• WORK TO COMPLETE:
Your answer must match, word for word, the lines from the one holding "Dr. Valdes of" through the final line below, with pictures excluded.

• DATASET SECTION:
——————

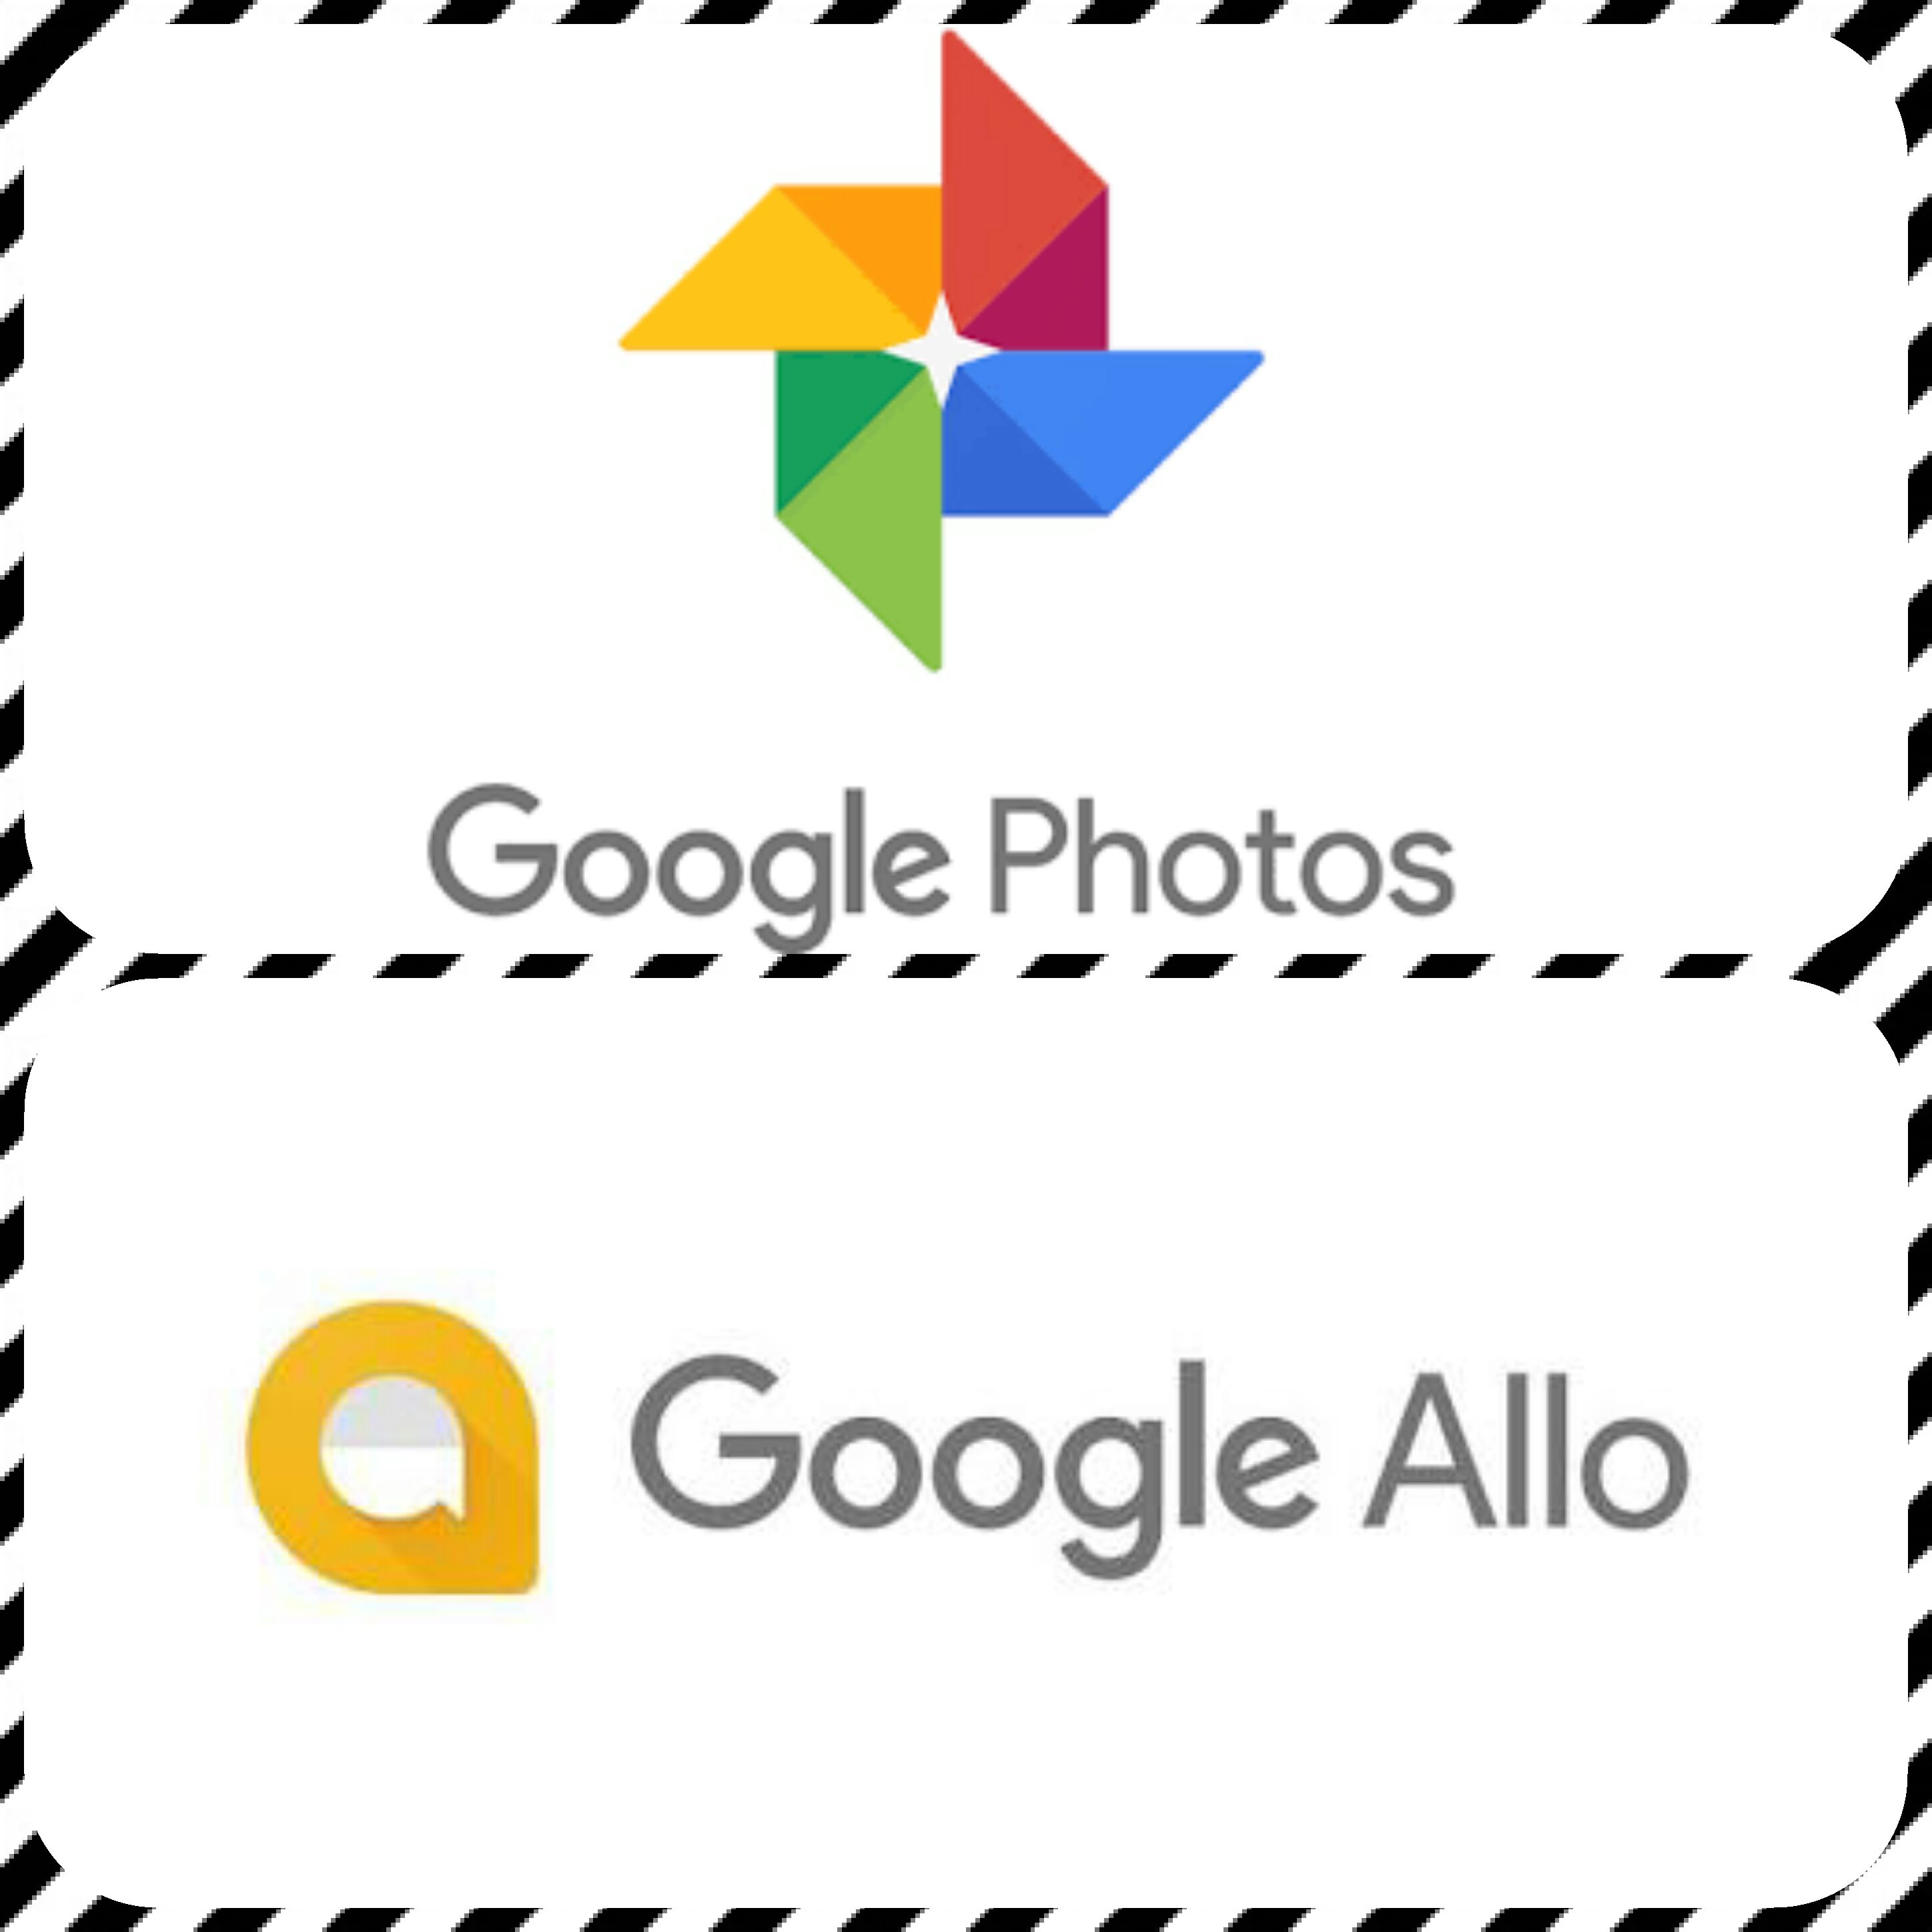 download: google allo and google photos receives update via google play store
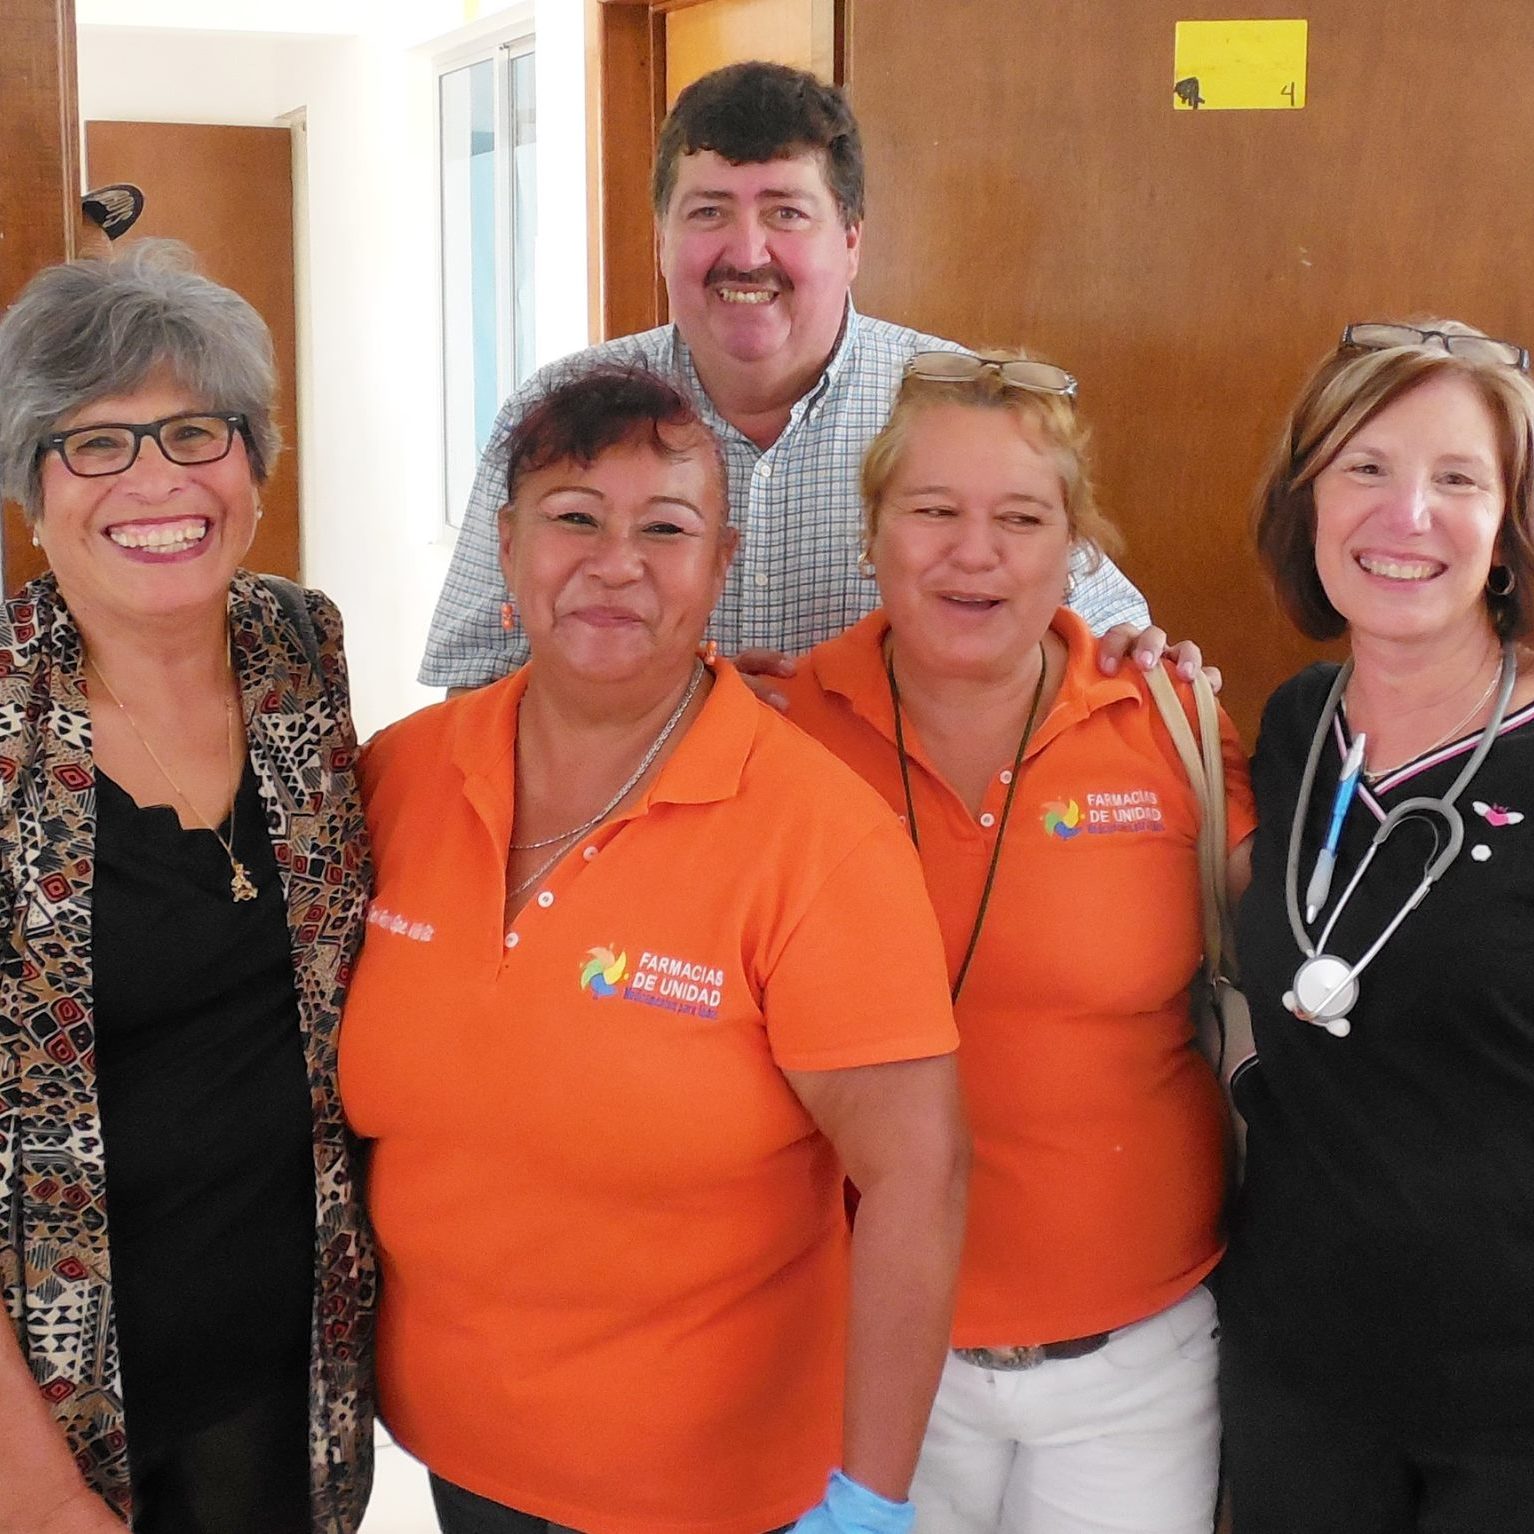 Dr. Valdes of Mexico stops by the pharmacy- pictured here with AMO volunteers Gricelda and Skoshi, and DIF staff.
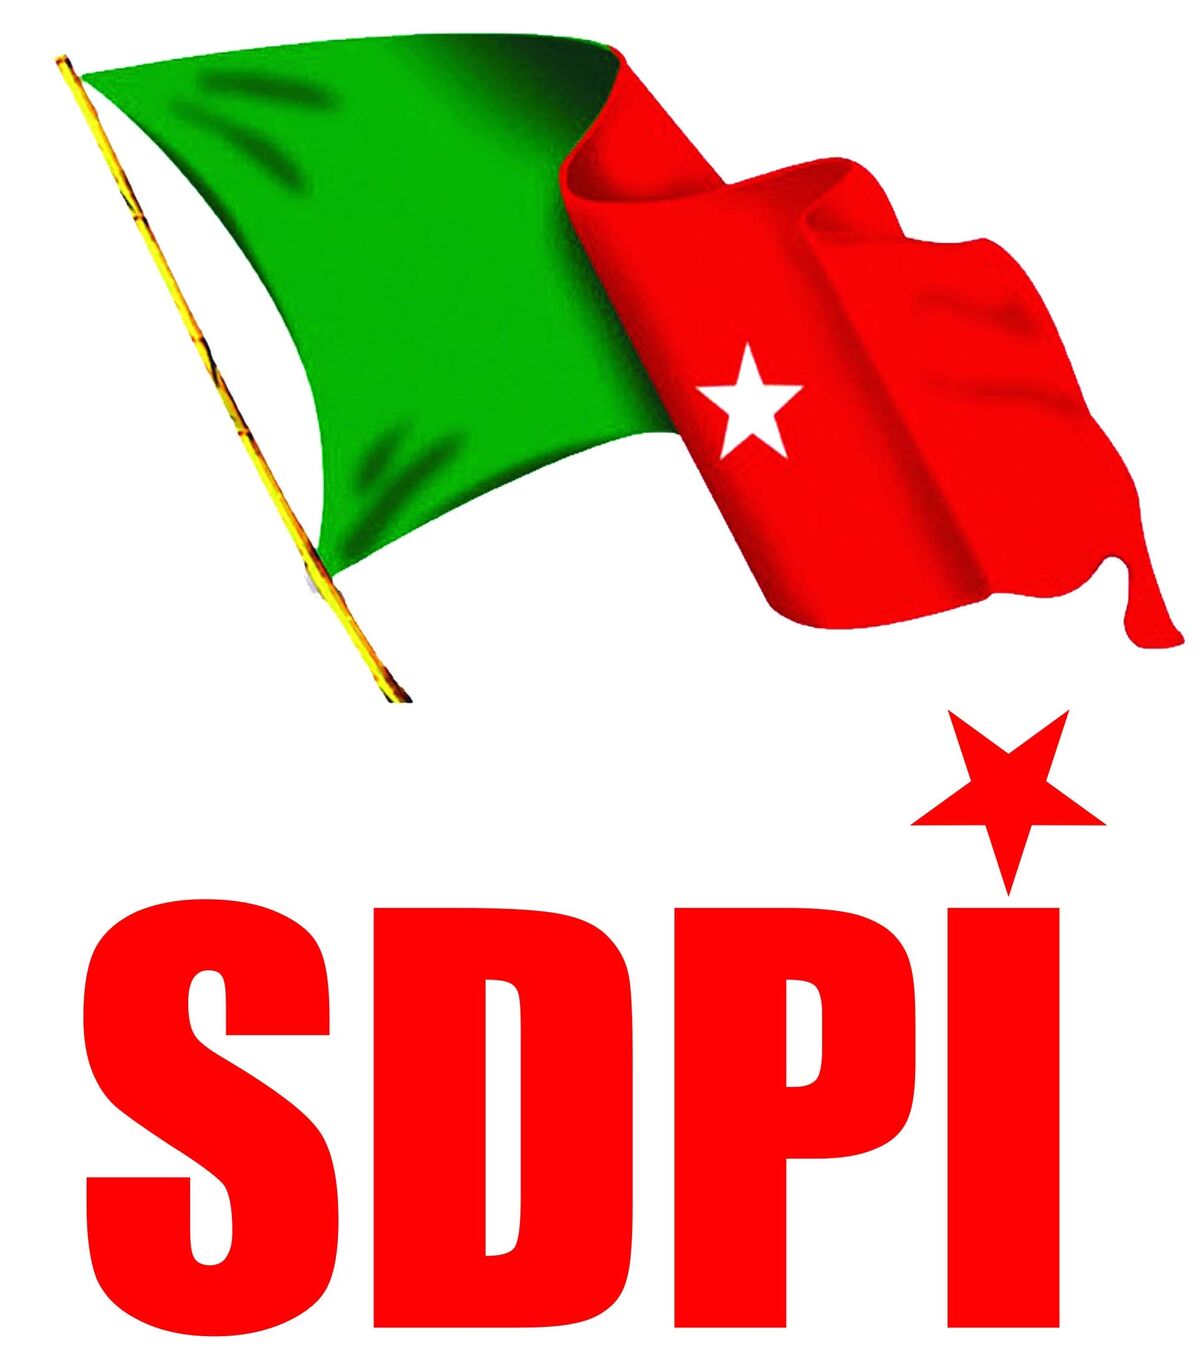 What is your behind-the-scenes agreement with SDPI
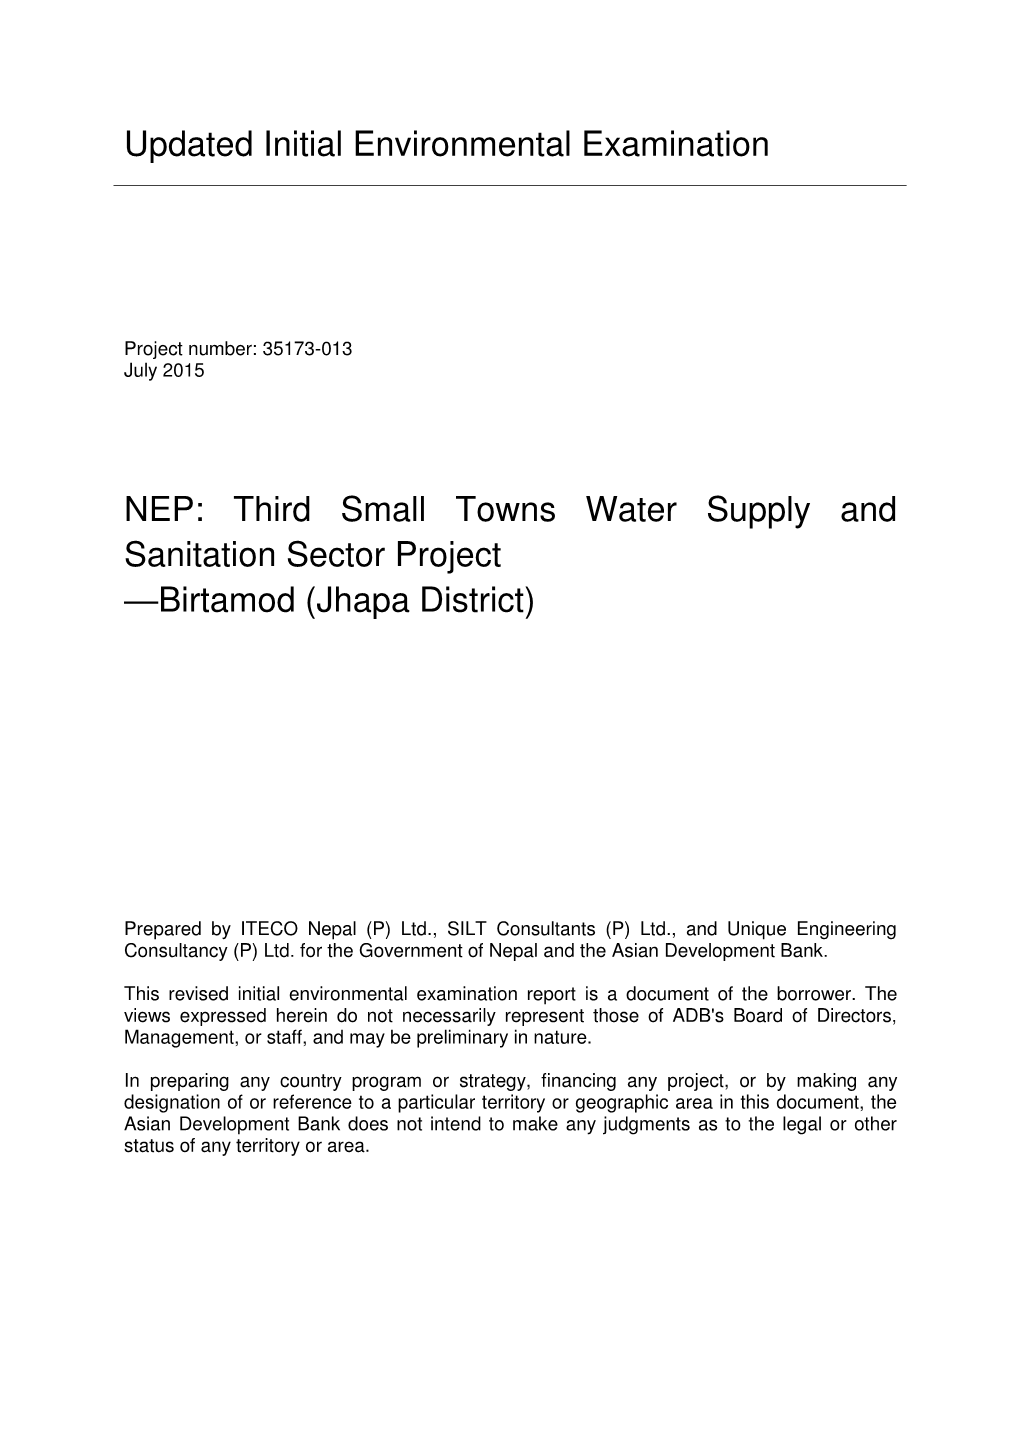 35173-013: Third Small Towns Water Supply and Sanitation Sector Projec

——————

• WRITTEN ANSWER:
 Dr. Valdes of Mexico stops by the pharmacy- pictured here with AMO volunteers Gricelda and Skoshi, and DIF staff.
 What is your behind-the-scenes agreement with SDPI
 35173-013: Third Small Towns Water Supply and Sanitation Sector Projec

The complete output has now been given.